While we were at an invitational dinner at Golpo, we could gawk at the marvellous collections in the presence of many top artists, curators and the Who’s Who in the art world. Whether it was a chat with Subodh Gupta over his pricey quirky installations, or with the dashing Gaurav Bhatia, the newly minted managing director of Sotheby’s, India; the convivial presence of Experimenter couple Prateek and Priyanka Raja from Calcutta, who are about to open their second gallery in this city, or the gracious host Nadia herself, resplendent in a Sana Safinaz gown, attending to each guest—it was like a moving installation, a supercharged soiree.

The inclusive bit is the fact that this art from their private collection can be viewed by the general public, by appointment, of course. The South Asian and diaspora collection has works by Gaganendranath Tagore, Abanindranath Tagore, Rabindranath Tagore, Anish Kapoor, Huma Bhabha, Naeem Mohaiemen, Rana Begum, Raqs Media Collective, Shilpa Gupta, Shahzia Sikander, Novera Ahmed, and Zarina Hashimi. Their international collections include works by Lynda Benglis, Chris Ofili, Alighiero Boetti, Paul Klee, Ettore Spalletti, Cindy Sherman, Marina Abramovic, Ai Weiwei, Pawel Althamer, Mona Hatoum, Philippe Parreno, Dominique Gonzalez-Foerster, Cardiff and Miller, and Anthony McCall.

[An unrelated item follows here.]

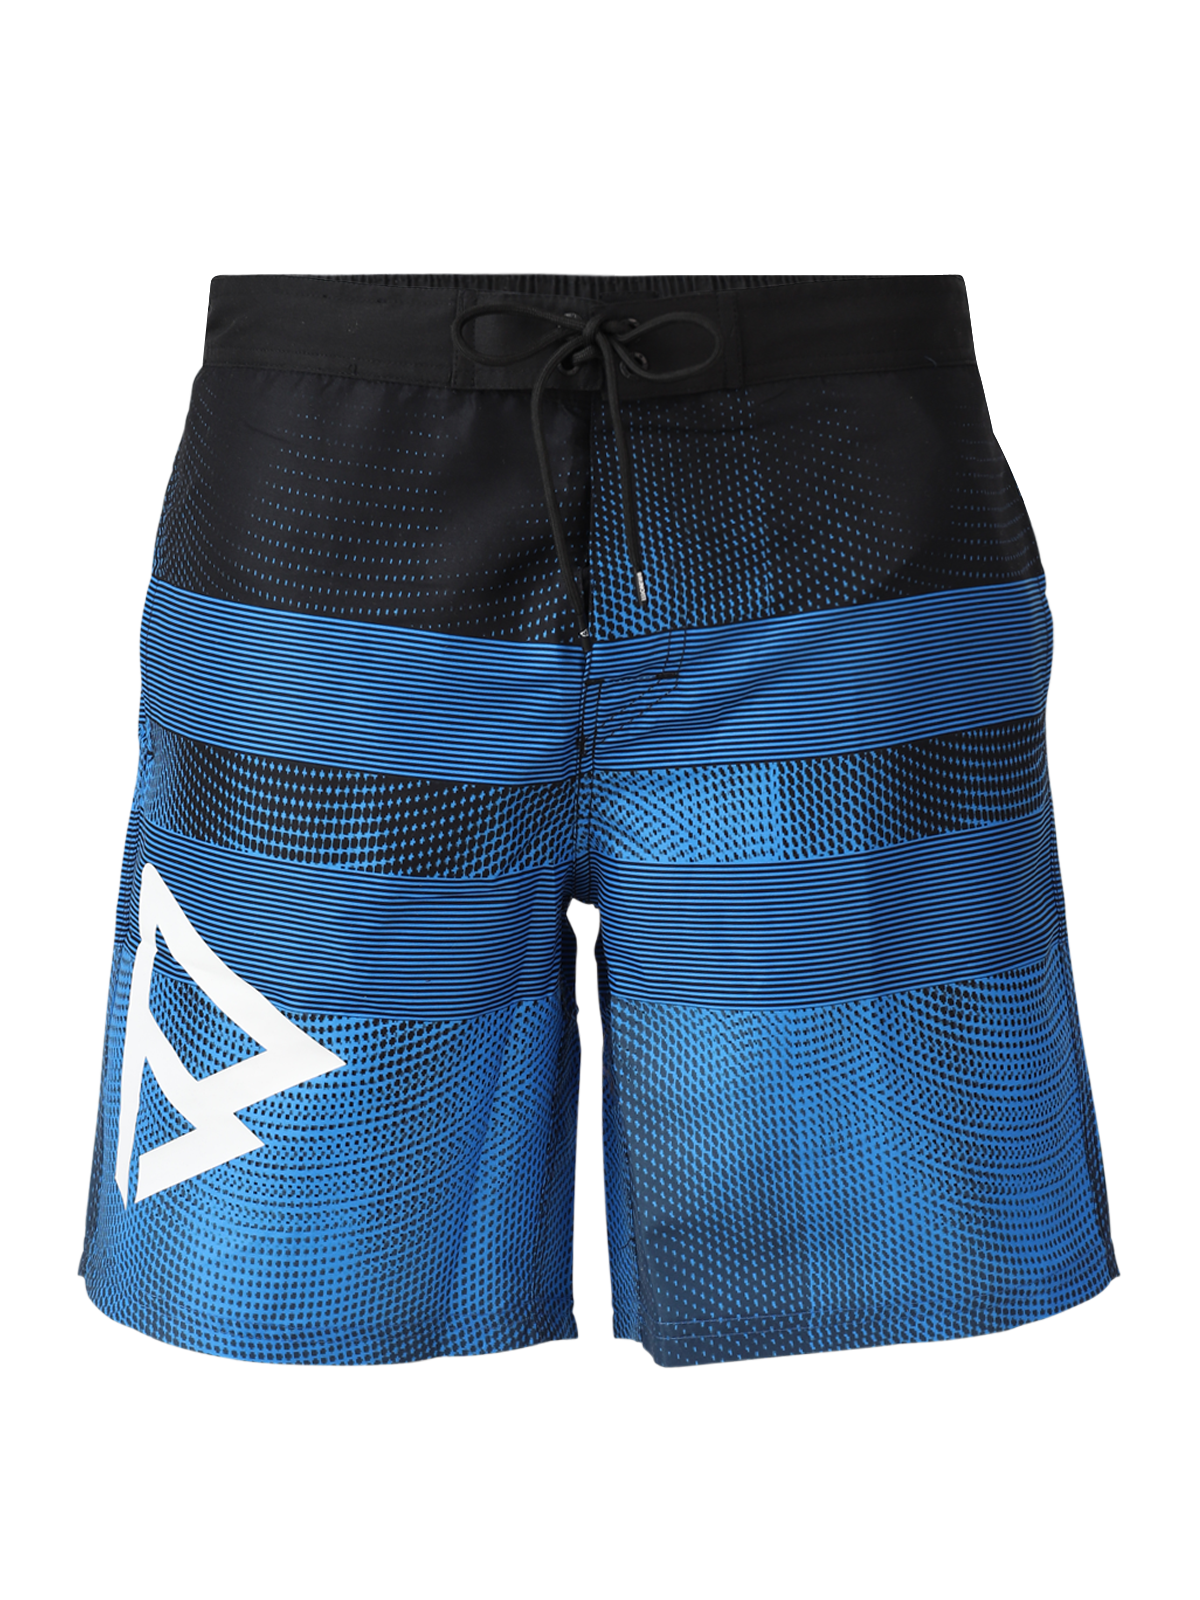 Archal Men Long Swim Shorts | Blue

Speaking to Nadia, she is looking beyond the DAS to Syhlet, where the couple hail from, where a  large part of the works will be installed at Srihatta – the Samdani Art Centre and Sculpture Park opening its first phase in late 2018 which professes to be the first contemporary art institution in Bangladesh.

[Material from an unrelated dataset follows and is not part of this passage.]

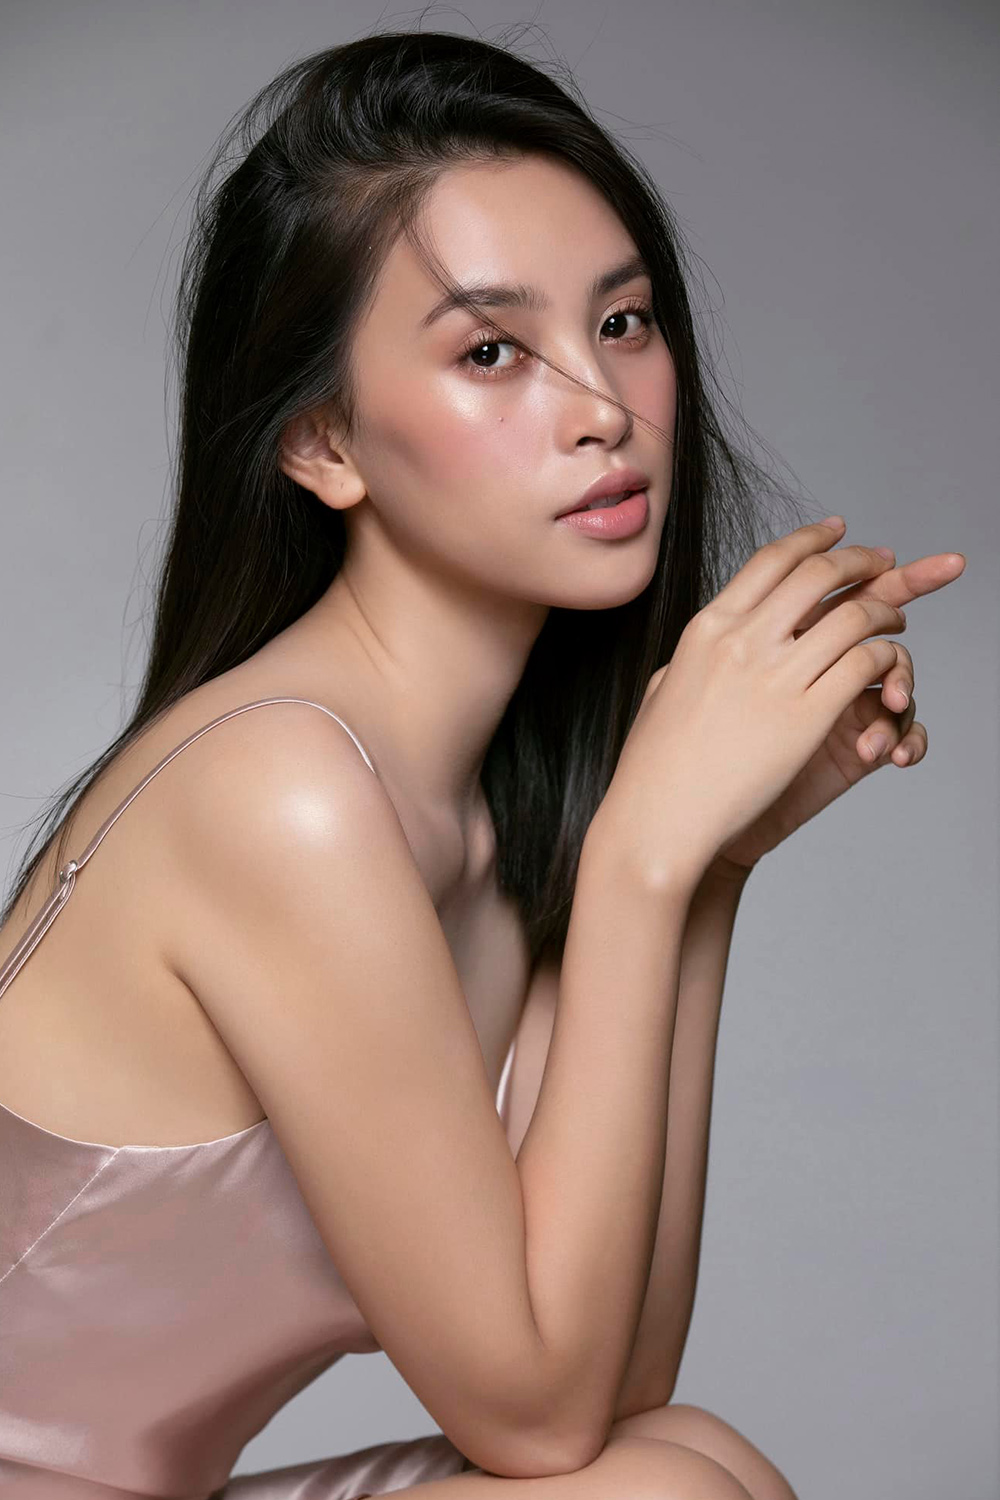 Hoa hậu Tiểu Vy khoe ảnh tốt nghiệp: Nhan sắc mộc mạc vẫn đỉnh cao, được 'bà trùm hoa hậu' đến chúc mừng - ảnh 5

We witnessed the ceremony of the Samdani Art Award, Bangladesh’s premier art award, an internationally recognised platform to showcase the work of young Bangladeshi Artists to an audience of international arts professionals. Through the Samdani Art Award exhibition, which forms part of the program at the Dhaka Art Summit, many of the previously shortlisted artists have gained recognition and been selected to participate in various international exhibitions and residencies. The awards are done in partnership with the Delfina Foundation, London and the winner receives an all-expenses paid, six-week residency at the Delfina. It has been said that a residency there can be a career-defining moment for an artist to develop their ideas, sharpen their practice, and widen their networks.

What kind of costs are we looking at? Two million dollars, we are told to get a summit of this magnitude going. More than this, it has become a kind of artistic pilgrimage for the aficionado.

To give it the gilt-edged compliment it deserves, one can only quote Bunty Chand, the Director of Asia Society, India calling the Dhaka Art Summit as having “set the gold standard for the visual arts in South Asia.”